_Input data_
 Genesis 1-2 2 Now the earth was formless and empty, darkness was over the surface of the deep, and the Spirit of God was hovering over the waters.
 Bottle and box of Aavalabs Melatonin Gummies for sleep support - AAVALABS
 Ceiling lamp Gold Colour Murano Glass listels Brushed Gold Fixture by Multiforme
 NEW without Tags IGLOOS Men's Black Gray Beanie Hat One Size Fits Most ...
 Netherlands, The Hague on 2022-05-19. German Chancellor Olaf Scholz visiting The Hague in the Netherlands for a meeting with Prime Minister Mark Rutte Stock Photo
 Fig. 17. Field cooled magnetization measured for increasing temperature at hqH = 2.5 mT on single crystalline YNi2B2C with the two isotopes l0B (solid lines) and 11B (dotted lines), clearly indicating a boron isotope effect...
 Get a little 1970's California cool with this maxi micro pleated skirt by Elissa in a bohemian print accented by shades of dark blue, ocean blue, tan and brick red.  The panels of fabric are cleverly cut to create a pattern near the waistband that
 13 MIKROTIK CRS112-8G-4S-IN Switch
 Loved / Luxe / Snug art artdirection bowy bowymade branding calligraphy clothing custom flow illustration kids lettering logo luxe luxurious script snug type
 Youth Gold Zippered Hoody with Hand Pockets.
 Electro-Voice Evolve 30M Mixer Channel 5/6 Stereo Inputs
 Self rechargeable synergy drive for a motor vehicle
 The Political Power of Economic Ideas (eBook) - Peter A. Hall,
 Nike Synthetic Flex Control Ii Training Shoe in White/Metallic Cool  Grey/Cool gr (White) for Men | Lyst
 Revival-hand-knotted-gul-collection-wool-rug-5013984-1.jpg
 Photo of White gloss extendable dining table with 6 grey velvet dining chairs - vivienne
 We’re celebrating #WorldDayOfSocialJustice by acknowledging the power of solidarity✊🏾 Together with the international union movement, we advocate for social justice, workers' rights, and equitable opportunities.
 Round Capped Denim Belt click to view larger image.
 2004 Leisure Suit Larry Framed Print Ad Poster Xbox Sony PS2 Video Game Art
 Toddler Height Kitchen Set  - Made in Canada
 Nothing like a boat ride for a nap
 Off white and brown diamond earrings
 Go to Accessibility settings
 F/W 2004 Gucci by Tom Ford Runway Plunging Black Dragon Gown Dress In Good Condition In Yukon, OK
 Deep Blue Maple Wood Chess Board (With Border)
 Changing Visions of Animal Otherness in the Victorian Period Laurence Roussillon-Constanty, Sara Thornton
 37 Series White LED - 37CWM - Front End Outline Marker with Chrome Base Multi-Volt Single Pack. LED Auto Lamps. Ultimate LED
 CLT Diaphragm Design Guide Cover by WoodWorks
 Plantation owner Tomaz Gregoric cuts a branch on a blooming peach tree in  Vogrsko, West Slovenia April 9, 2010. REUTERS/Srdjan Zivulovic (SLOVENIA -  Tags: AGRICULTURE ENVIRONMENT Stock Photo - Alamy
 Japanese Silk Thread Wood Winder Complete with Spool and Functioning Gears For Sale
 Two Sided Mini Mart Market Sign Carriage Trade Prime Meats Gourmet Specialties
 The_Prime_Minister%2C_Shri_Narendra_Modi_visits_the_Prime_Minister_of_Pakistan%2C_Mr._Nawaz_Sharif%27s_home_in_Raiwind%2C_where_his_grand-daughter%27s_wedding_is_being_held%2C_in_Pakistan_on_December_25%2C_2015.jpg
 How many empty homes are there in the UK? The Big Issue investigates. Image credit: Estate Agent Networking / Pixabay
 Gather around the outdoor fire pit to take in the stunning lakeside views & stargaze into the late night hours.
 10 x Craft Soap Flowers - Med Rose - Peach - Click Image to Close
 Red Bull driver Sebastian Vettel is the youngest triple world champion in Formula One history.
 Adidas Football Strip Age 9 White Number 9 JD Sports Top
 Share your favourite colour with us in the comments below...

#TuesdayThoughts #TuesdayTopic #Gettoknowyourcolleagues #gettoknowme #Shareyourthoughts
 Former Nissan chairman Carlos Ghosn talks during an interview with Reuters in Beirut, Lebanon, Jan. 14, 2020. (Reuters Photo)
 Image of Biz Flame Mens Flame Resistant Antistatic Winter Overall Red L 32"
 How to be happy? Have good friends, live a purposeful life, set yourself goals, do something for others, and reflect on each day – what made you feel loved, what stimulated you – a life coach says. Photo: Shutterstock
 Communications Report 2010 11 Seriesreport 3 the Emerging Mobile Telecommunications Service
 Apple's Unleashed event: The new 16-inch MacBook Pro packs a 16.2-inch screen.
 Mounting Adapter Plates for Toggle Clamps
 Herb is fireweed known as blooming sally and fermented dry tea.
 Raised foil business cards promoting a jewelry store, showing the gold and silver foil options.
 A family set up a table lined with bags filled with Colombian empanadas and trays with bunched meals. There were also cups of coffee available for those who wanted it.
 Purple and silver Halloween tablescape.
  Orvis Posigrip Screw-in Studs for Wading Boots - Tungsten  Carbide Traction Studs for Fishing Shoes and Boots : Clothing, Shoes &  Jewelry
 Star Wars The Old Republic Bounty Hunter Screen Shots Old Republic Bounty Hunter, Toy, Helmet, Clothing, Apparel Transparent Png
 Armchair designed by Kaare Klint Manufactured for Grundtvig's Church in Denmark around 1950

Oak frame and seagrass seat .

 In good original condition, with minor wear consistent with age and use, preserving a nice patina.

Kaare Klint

_Aim of the task_
Search the data for "empty". Copy each line that has it.

_Result below_
 Genesis 1-2 2 Now the earth was formless and empty, darkness was over the surface of the deep, and the Spirit of God was hovering over the waters.
 How many empty homes are there in the UK? The Big Issue investigates. Image credit: Estate Agent Networking / Pixabay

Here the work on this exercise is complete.